Wednesday, October 2, 2024

Dynamic DAG era with YAML and DAG Manufacturing unit in Amazon MWAA

Amazon Managed Workflow for Apache Airflow (Amazon MWAA) is a managed service that permits you to use a well-recognized Apache Airflow atmosphere with improved scalability, availability, and safety to boost and scale your small business workflows with out the operational burden of managing the underlying infrastructure. In Airflow, Directed Acyclic Graphs (DAGs) are outlined as Python code. Dynamic DAGs seek advice from the flexibility to generate DAGs on the fly throughout runtime, usually primarily based on some exterior situations, configurations, or parameters. Dynamic DAGs lets you create, schedule, and run duties inside a DAG primarily based on information and configurations that will change over time.

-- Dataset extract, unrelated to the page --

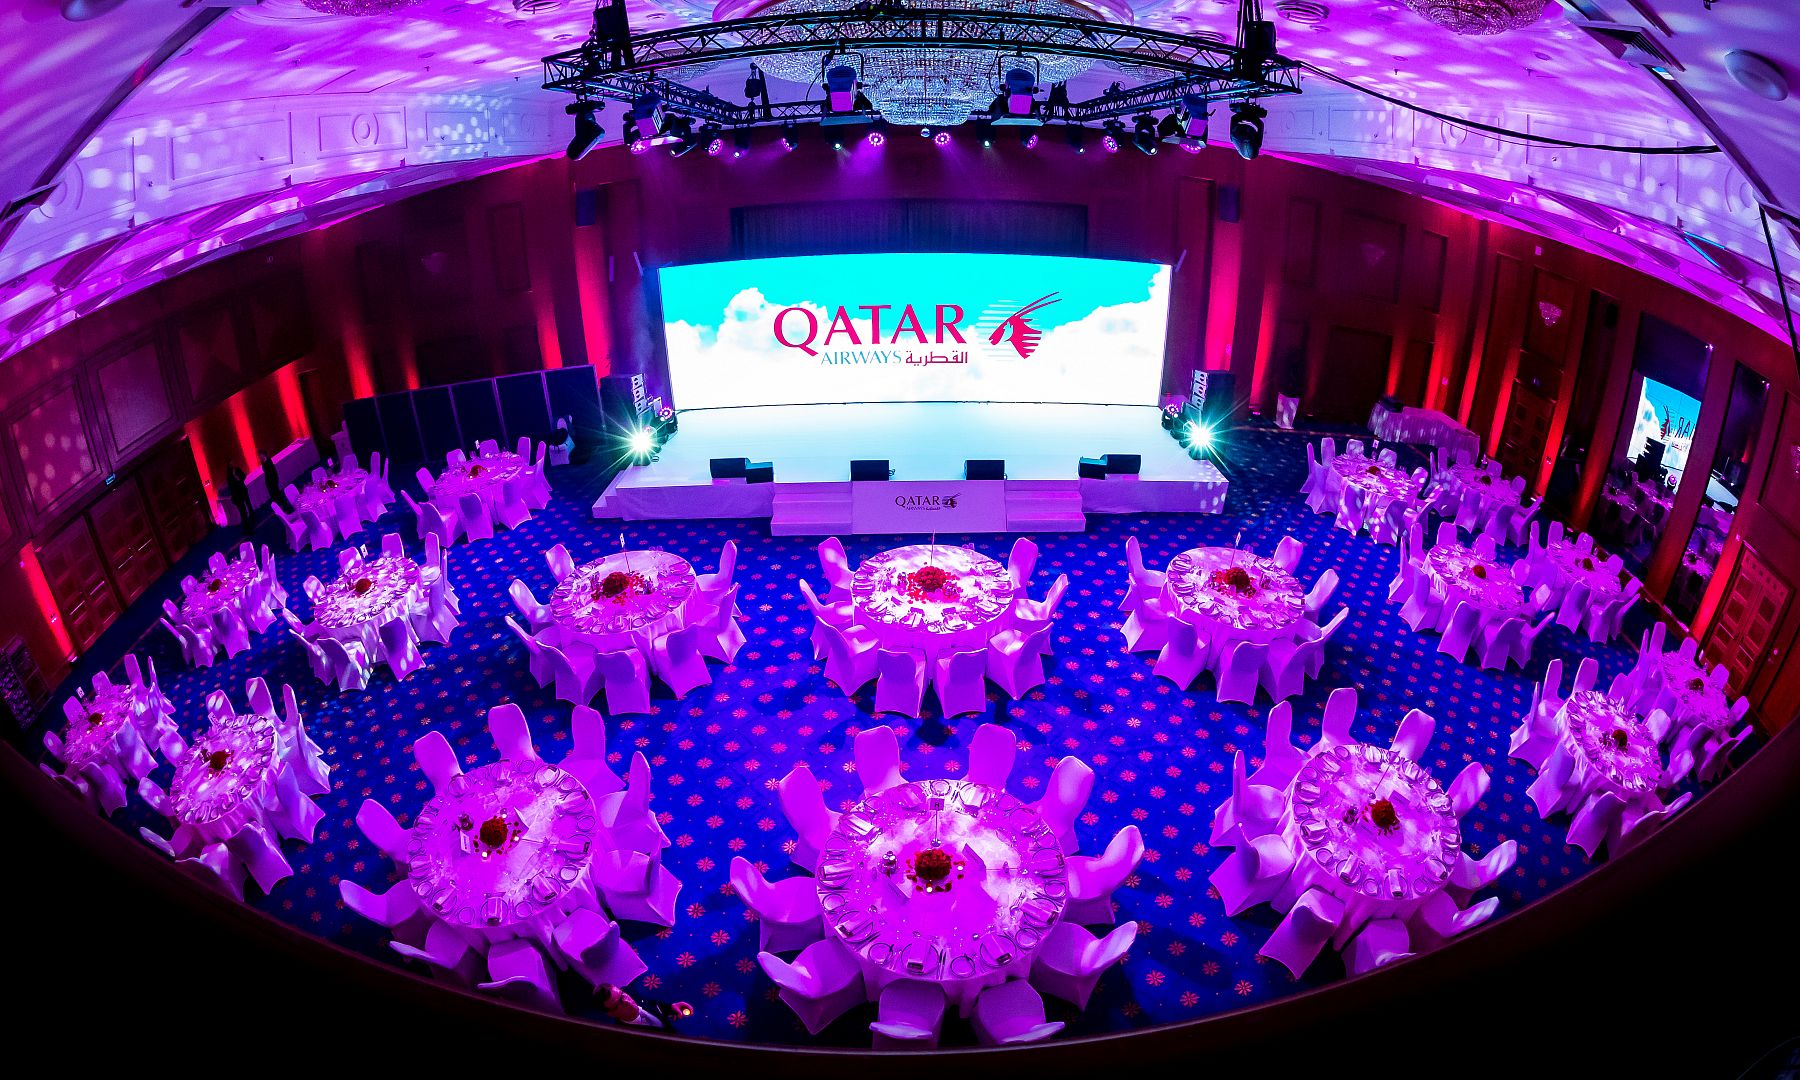 Qatar airwaves 2017

There are numerous methods to introduce dynamism in Airflow DAGs (dynamic DAG era) utilizing atmosphere variables and exterior recordsdata. One of many approaches is to make use of the DAG Manufacturing unit YAML primarily based configuration file methodology. This library goals to facilitate the creation and configuration of recent DAGs by utilizing declarative parameters in YAML. It permits default customizations and is open-source, making it easy to create and customise new functionalities.

On this submit, we discover the method of making Dynamic DAGs with YAML recordsdata, utilizing the DAG Manufacturing unit library. Dynamic DAGs provide a number of advantages:

  1. Enhanced code reusability – By structuring DAGs by means of YAML recordsdata, we promote reusable elements, lowering redundancy in your workflow definitions.
  2. Streamlined upkeep – YAML-based DAG era simplifies the method of modifying and updating workflows, guaranteeing smoother upkeep procedures.
  3. Versatile parameterization – With YAML, you may parameterize DAG configurations, facilitating dynamic changes to workflows primarily based on various necessities.
  4. Improved scheduler effectivity – Dynamic DAGs allow extra environment friendly scheduling, optimizing useful resource allocation and enhancing general workflow runs
  5. Enhanced scalability – YAML-driven DAGs permit for parallel runs, enabling scalable workflows able to dealing with elevated workloads effectively.

By harnessing the ability of YAML recordsdata and the DAG Manufacturing unit library, we unleash a flexible method to constructing and managing DAGs, empowering you to create sturdy, scalable, and maintainable information pipelines.

Overview of resolution

On this submit, we are going to use an instance DAG file that’s designed to course of a COVID-19 information set. The workflow course of entails processing an open supply information set provided by WHO-COVID-19-World. After we set up the DAG-Manufacturing unit Python package deal, we create a YAML file that has definitions of assorted duties. We course of the country-specific dying rely by passing Nation as a variable, which creates particular person country-based DAGs.

The next diagram illustrates the general resolution together with information flows inside logical blocks.

Overview of the Solution

Stipulations

For this walkthrough, you must have the next stipulations:

Moreover, full the next steps (run the setup in an AWS Area the place Amazon MWAA is out there):

  1. Create an Amazon MWAA atmosphere (if you happen to don’t have one already). If that is your first time utilizing Amazon MWAA, seek advice from Introducing Amazon Managed Workflows for Apache Airflow (MWAA).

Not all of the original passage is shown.